Goal of the exercise: Using the material below, repeat exactly the lines from the one with "Nos bodies bébé" through the one with "Discount Saudi Arabic", ends included, without any images.

Provided data:
=====

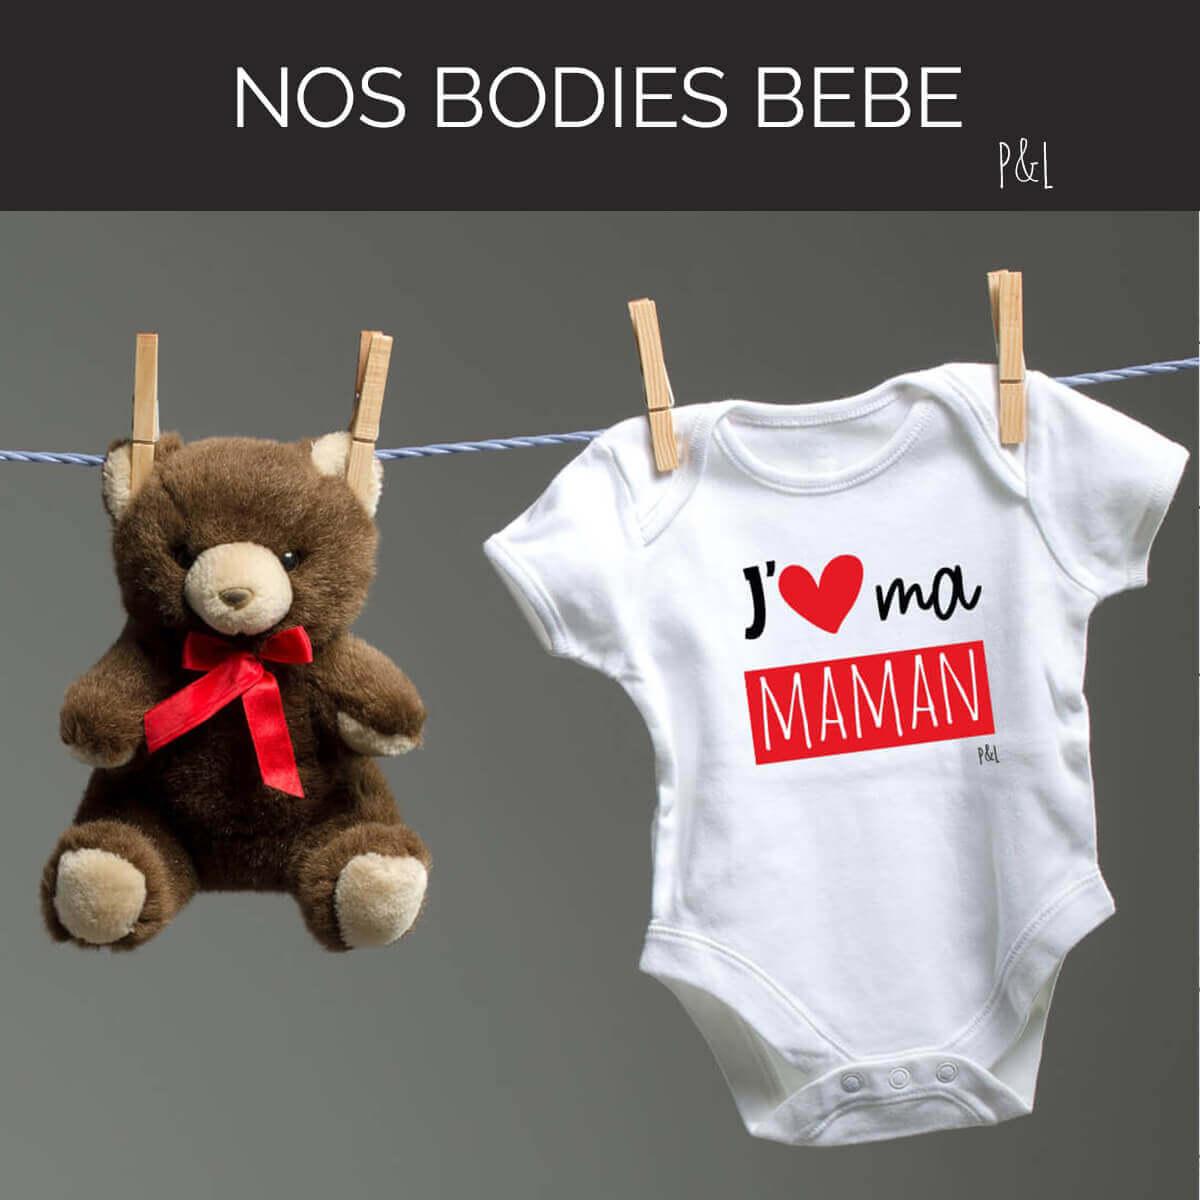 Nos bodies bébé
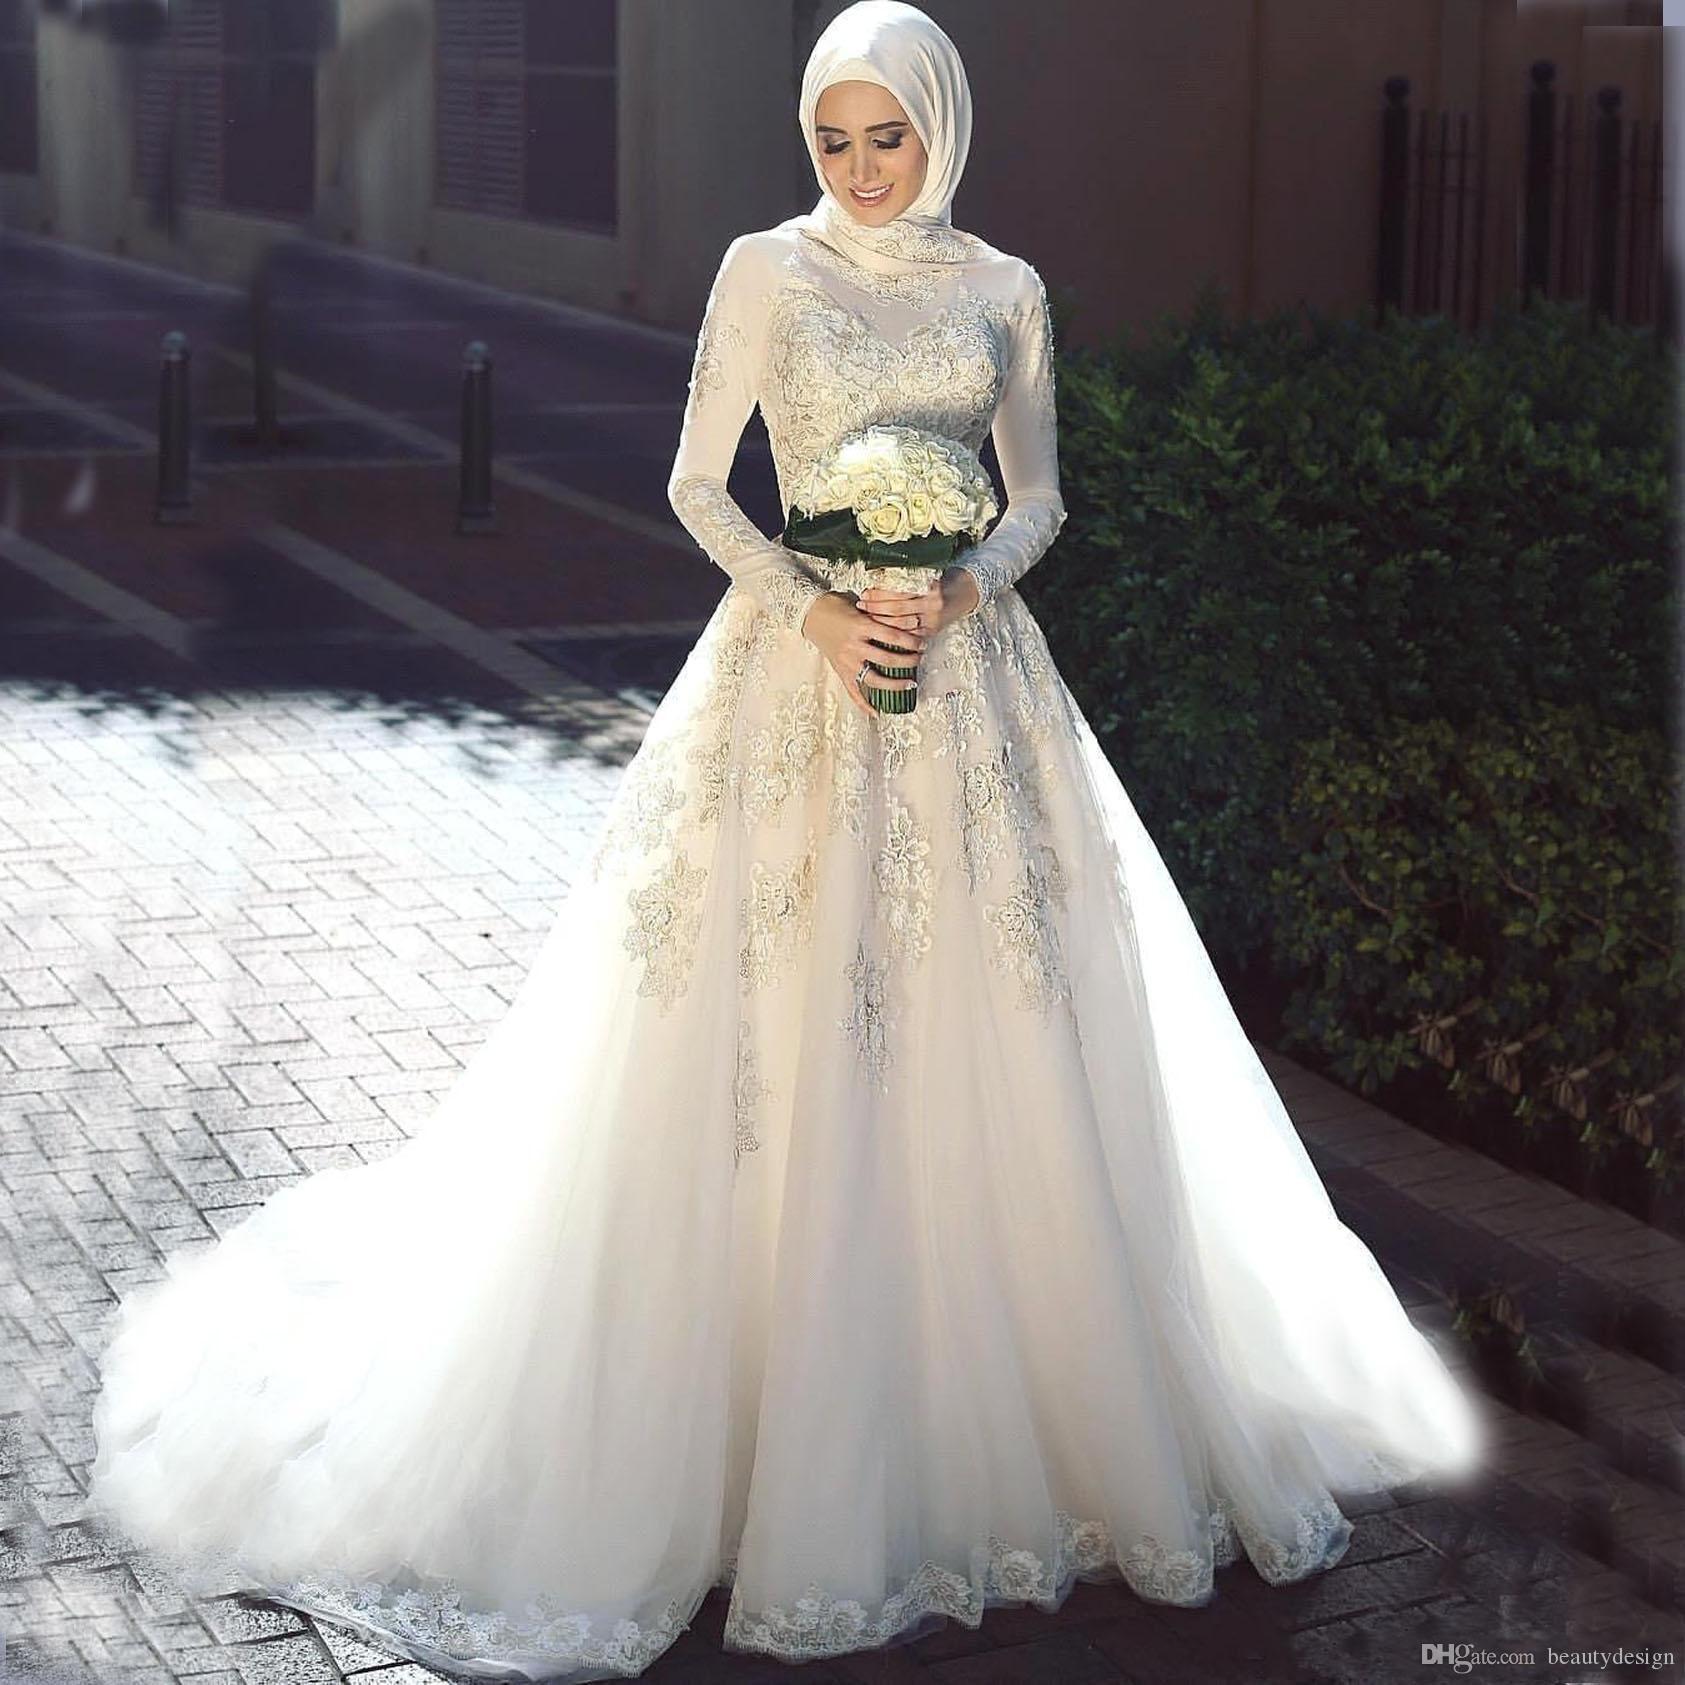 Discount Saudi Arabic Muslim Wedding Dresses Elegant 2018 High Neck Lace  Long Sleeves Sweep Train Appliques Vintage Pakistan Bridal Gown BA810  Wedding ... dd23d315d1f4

=====

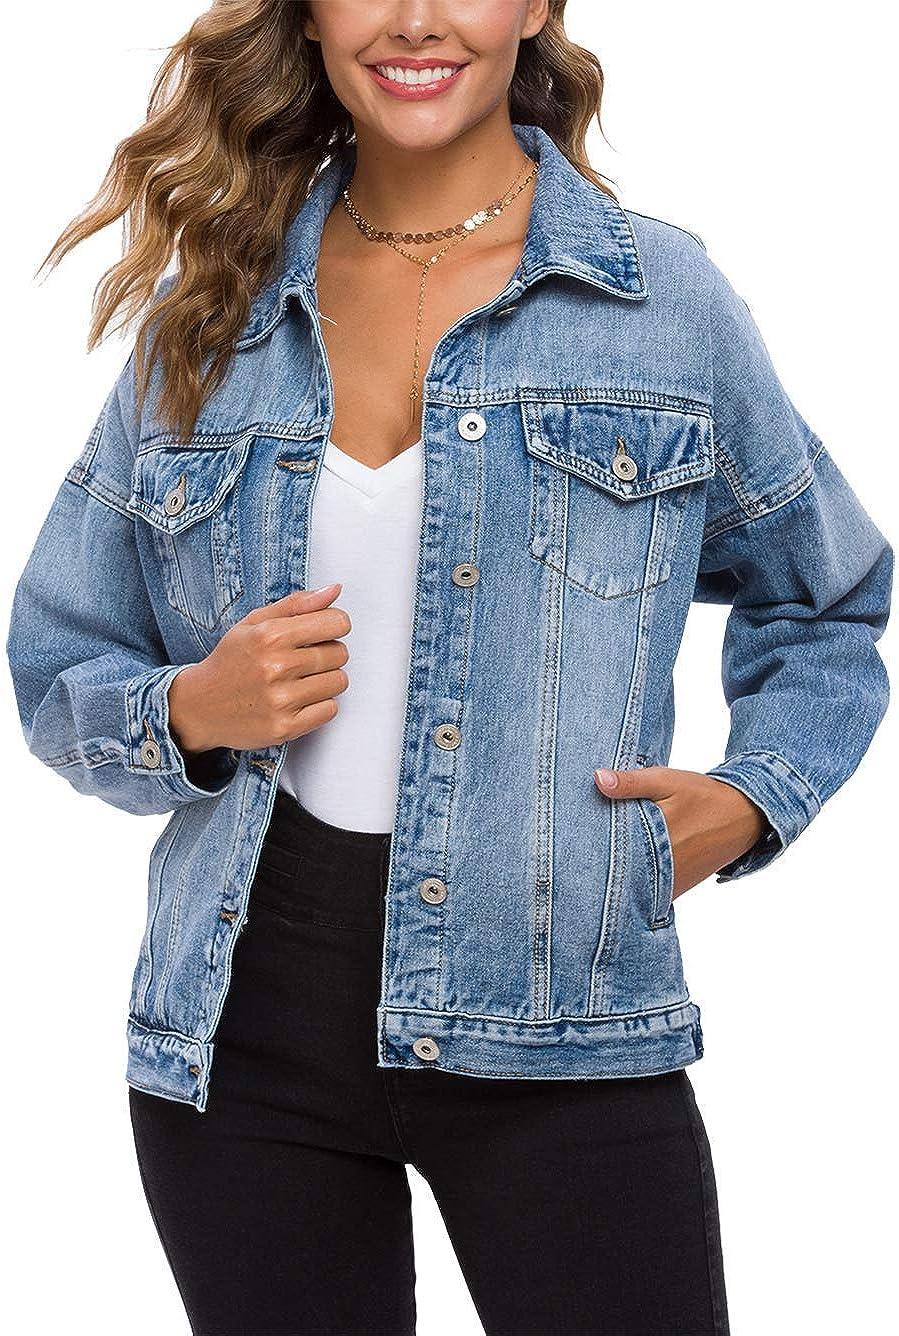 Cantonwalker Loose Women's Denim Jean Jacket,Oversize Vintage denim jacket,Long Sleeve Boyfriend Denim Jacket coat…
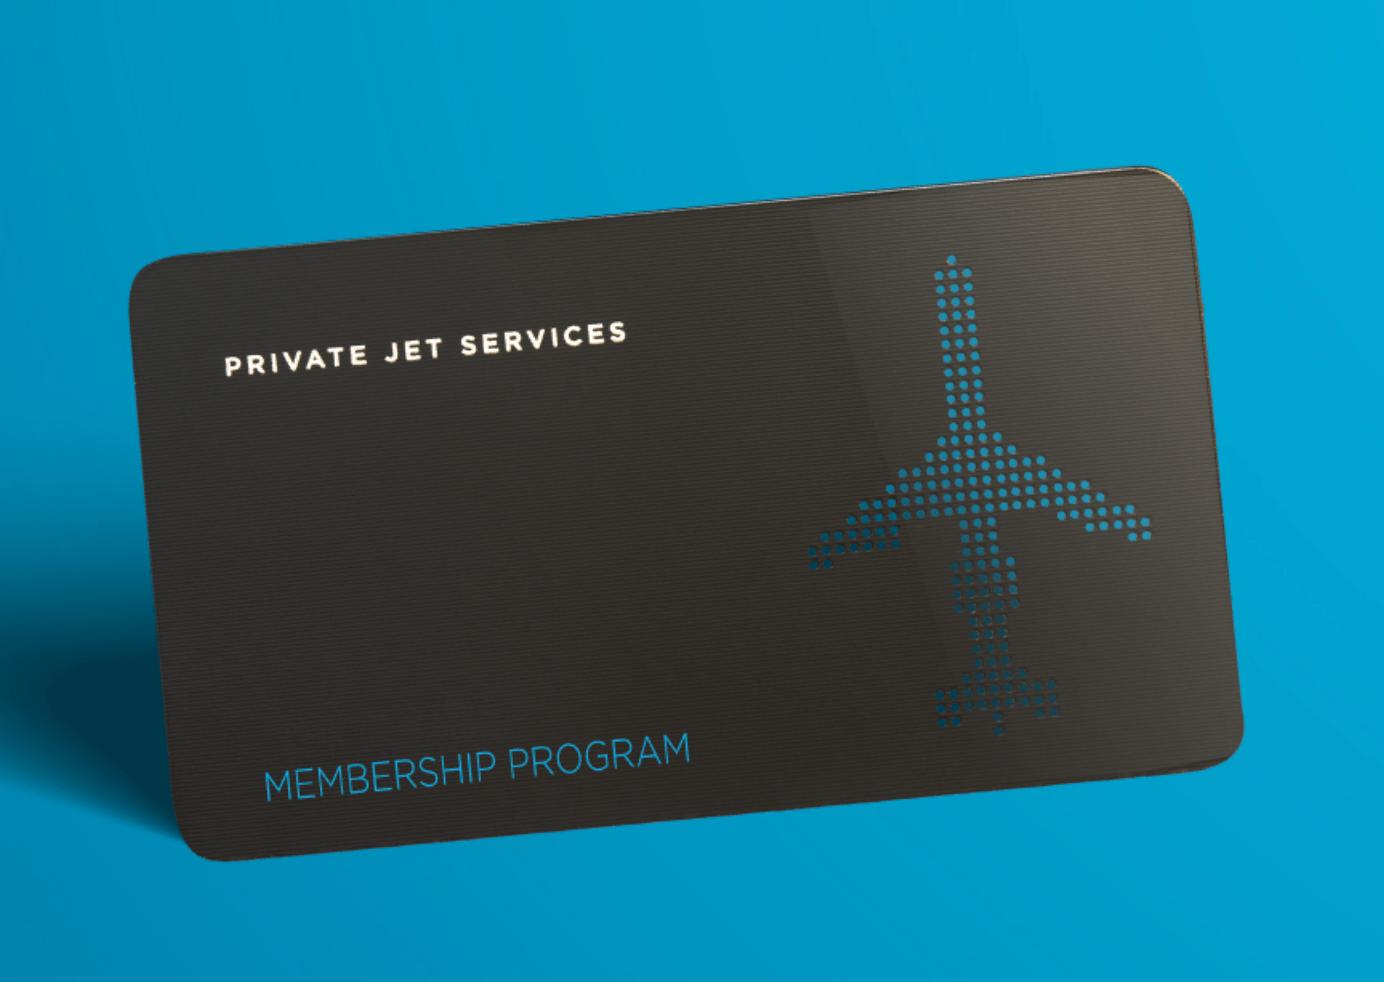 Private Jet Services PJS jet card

=====

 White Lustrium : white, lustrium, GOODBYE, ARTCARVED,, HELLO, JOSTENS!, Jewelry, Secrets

=====

Task answer:
 Nos bodies bébé
 Discount Saudi Arabic Muslim Wedding Dresses Elegant 2018 High Neck Lace  Long Sleeves Sweep Train Appliques Vintage Pakistan Bridal Gown BA810  Wedding ... dd23d315d1f4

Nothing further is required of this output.